■ **Exercise aim**
Restate the full listing word for word; images stay out of it.

■ **Information supplied**
☆ ☆ ☆ ☆

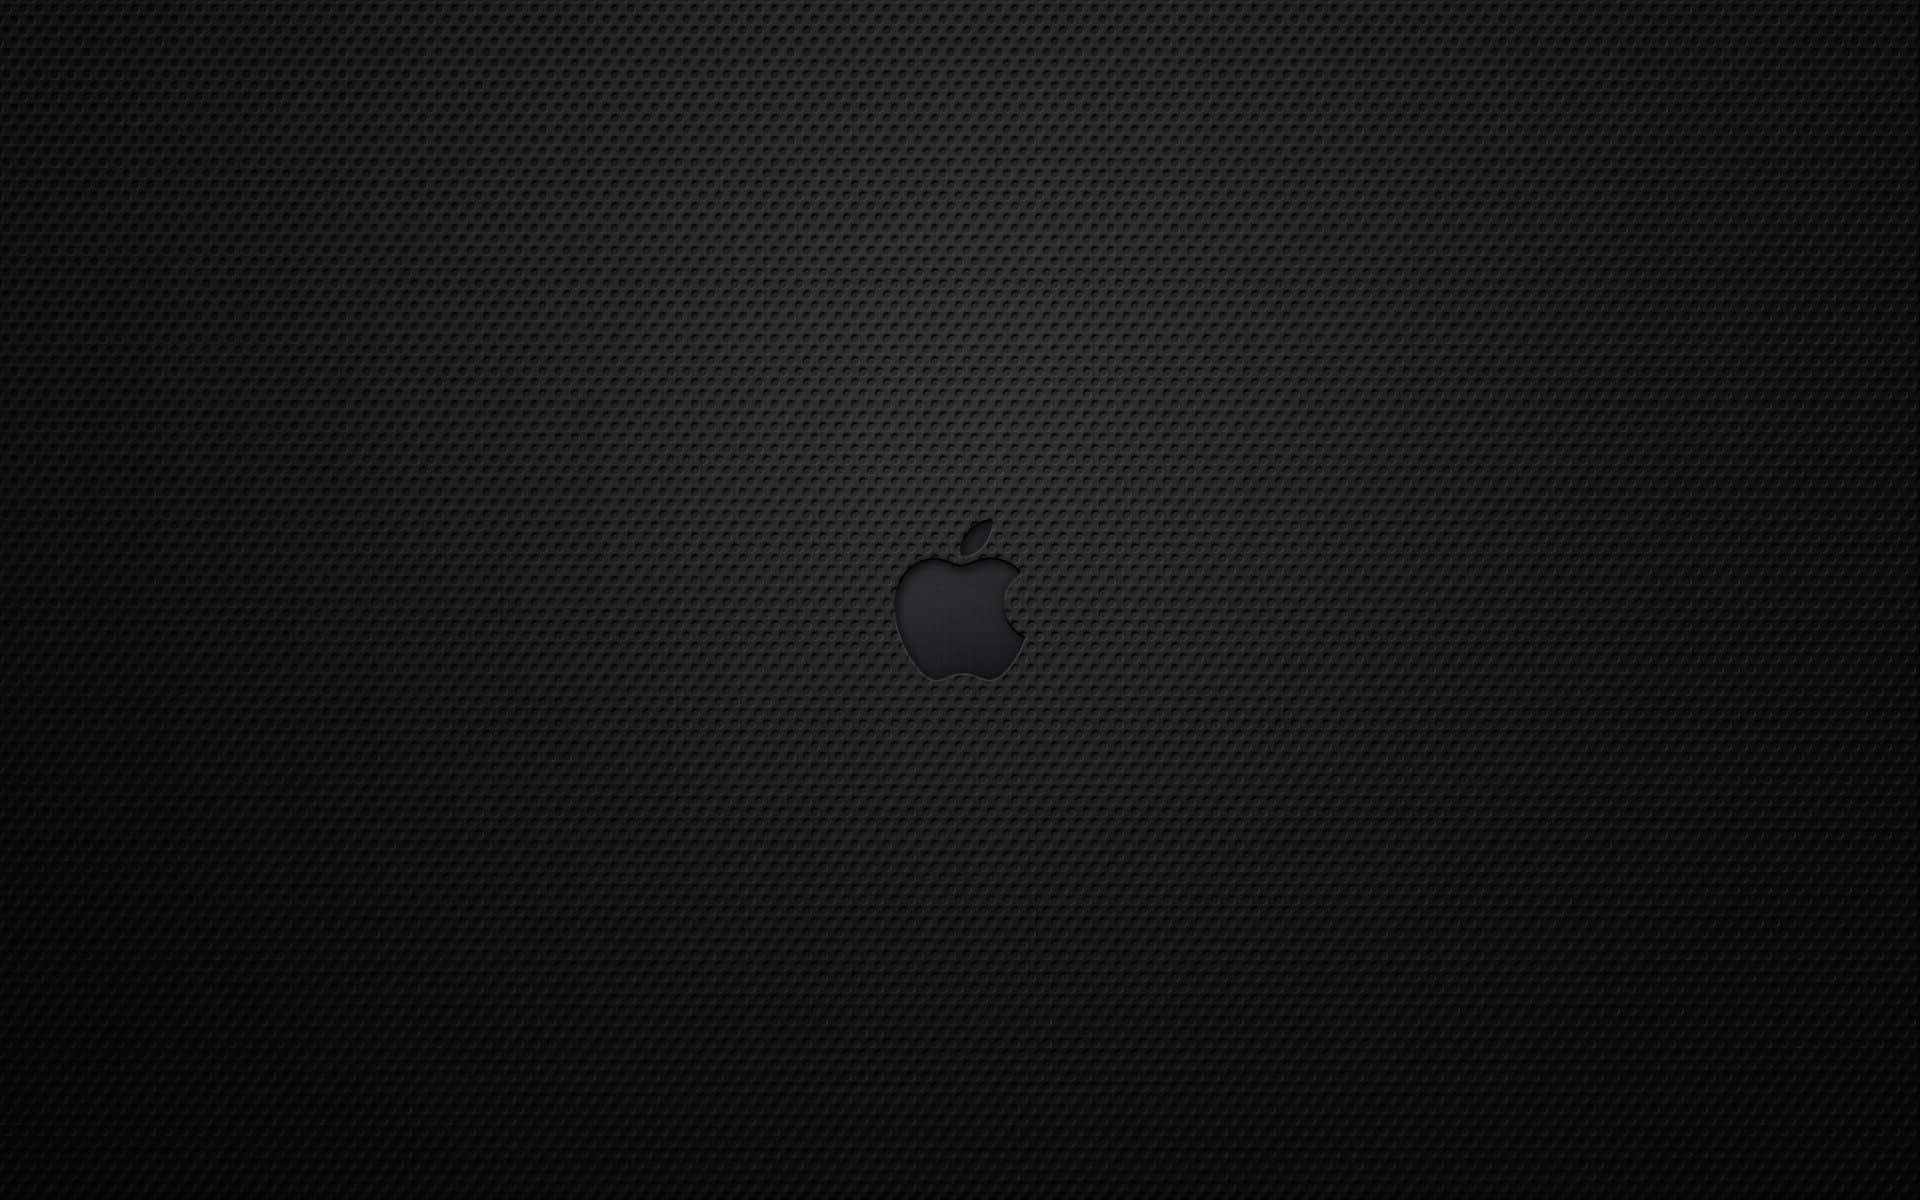 Obténla Belleza Atemporal Del Color Negro Con El Icónico Macbook De Apple. Fondo de pantalla
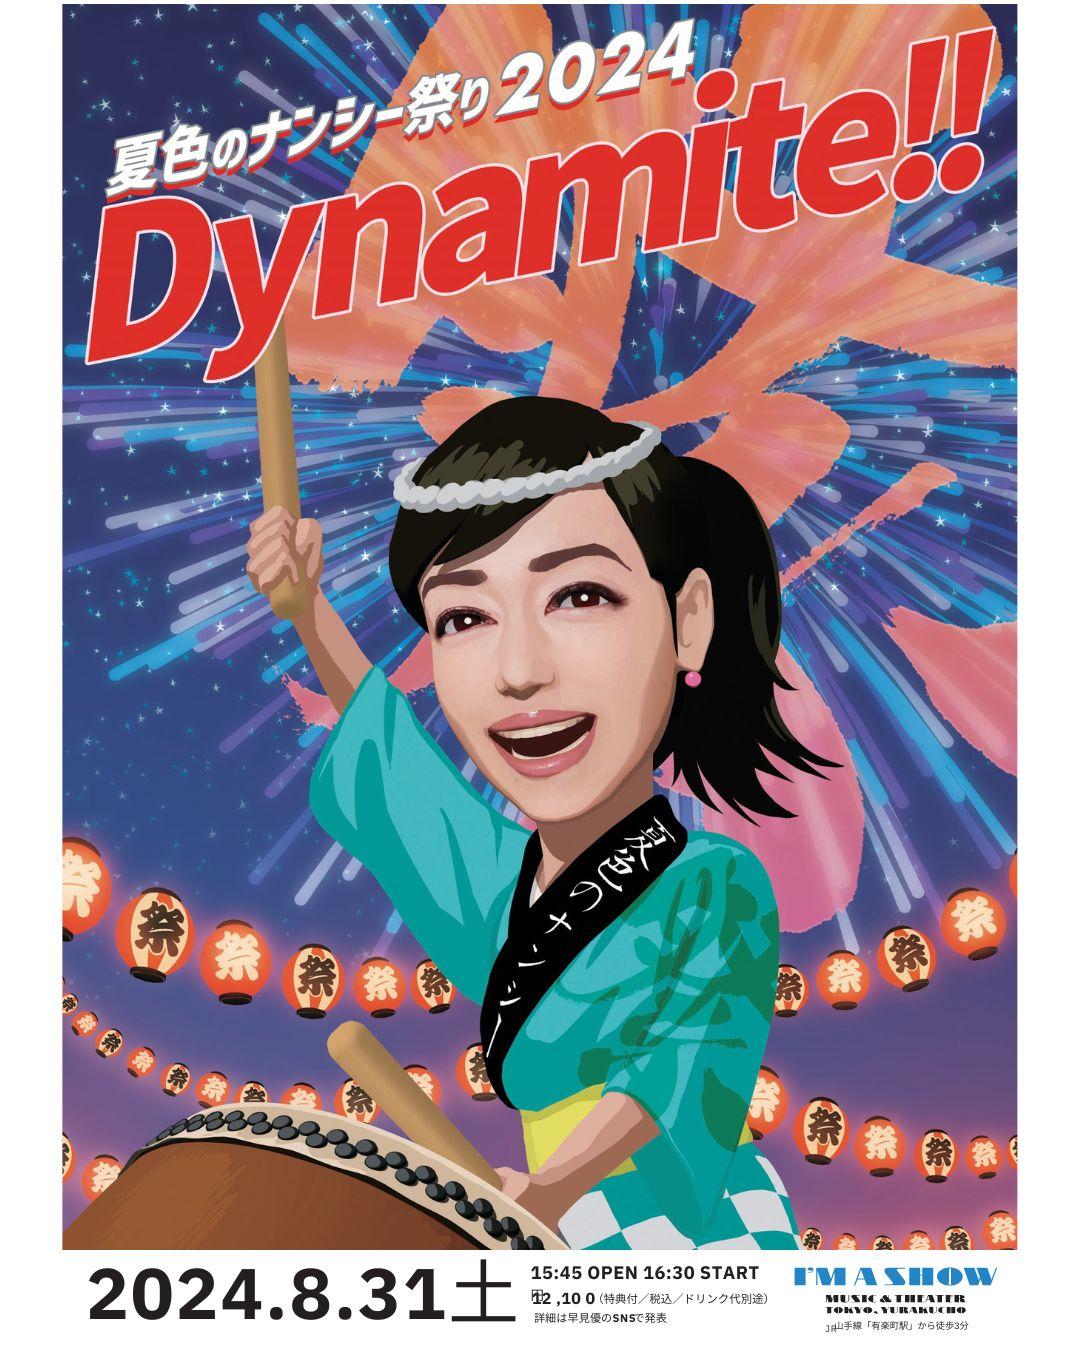 『夏色のナンシー祭り2024 Dynamite!!』FC会員限定受付開始
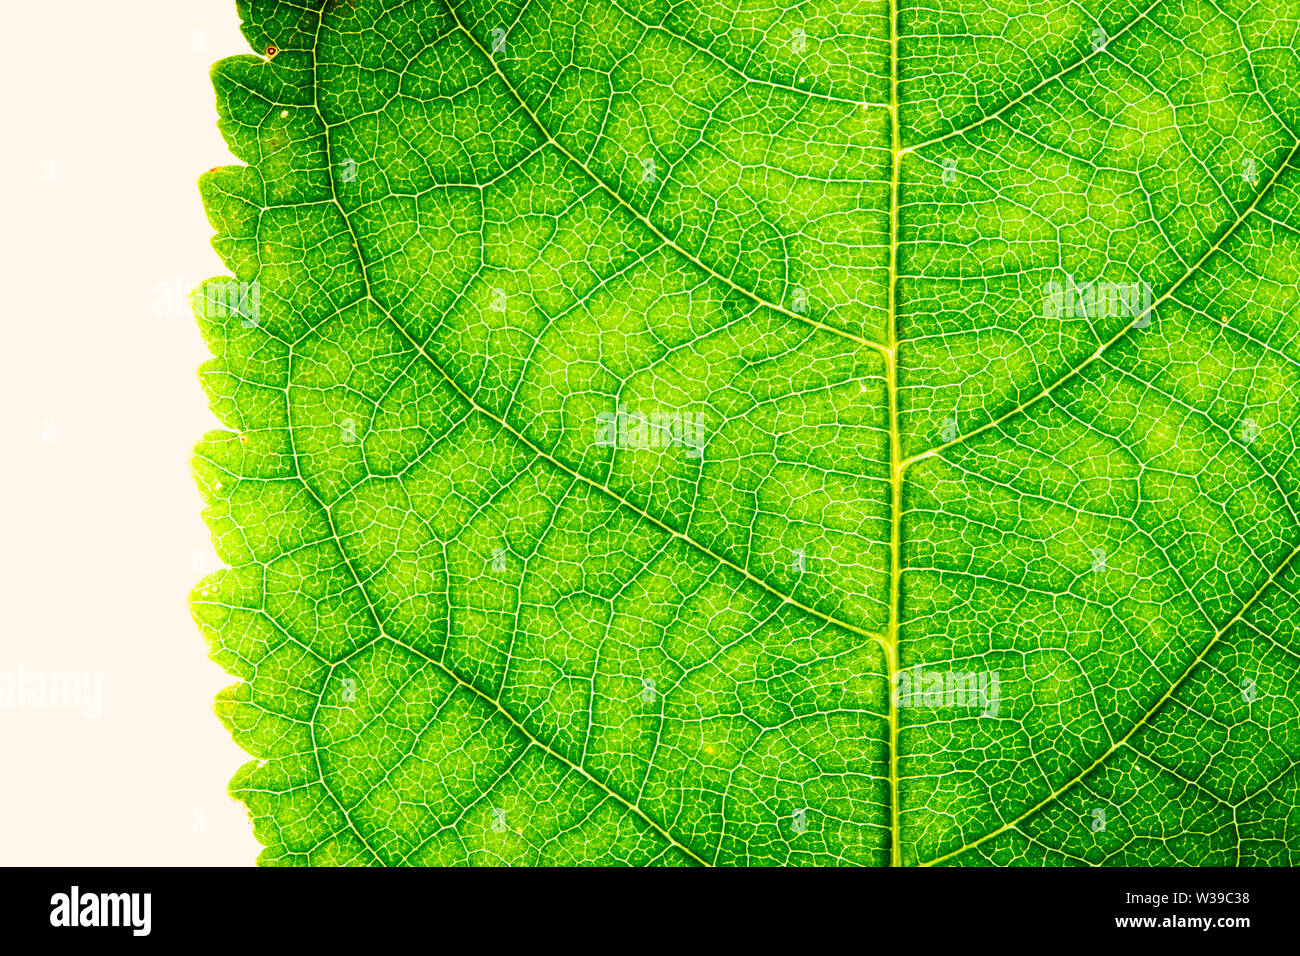 Vert feuille détaillée de la structure de surface robuste frais macro extrême photo gros plan avec la nervure principale, des nervures et des grooves comme une texture nature eco green biolo Banque D'Images

☆ ☆ ☆ ☆

■ **Exercise result**
 Obténla Belleza Atemporal Del Color Negro Con El Icónico Macbook De Apple. Fondo de pantalla
 『夏色のナンシー祭り2024 Dynamite!!』FC会員限定受付開始
 Vert feuille détaillée de la structure de surface robuste frais macro extrême photo gros plan avec la nervure principale, des nervures et des grooves comme une texture nature eco green biolo Banque D'Images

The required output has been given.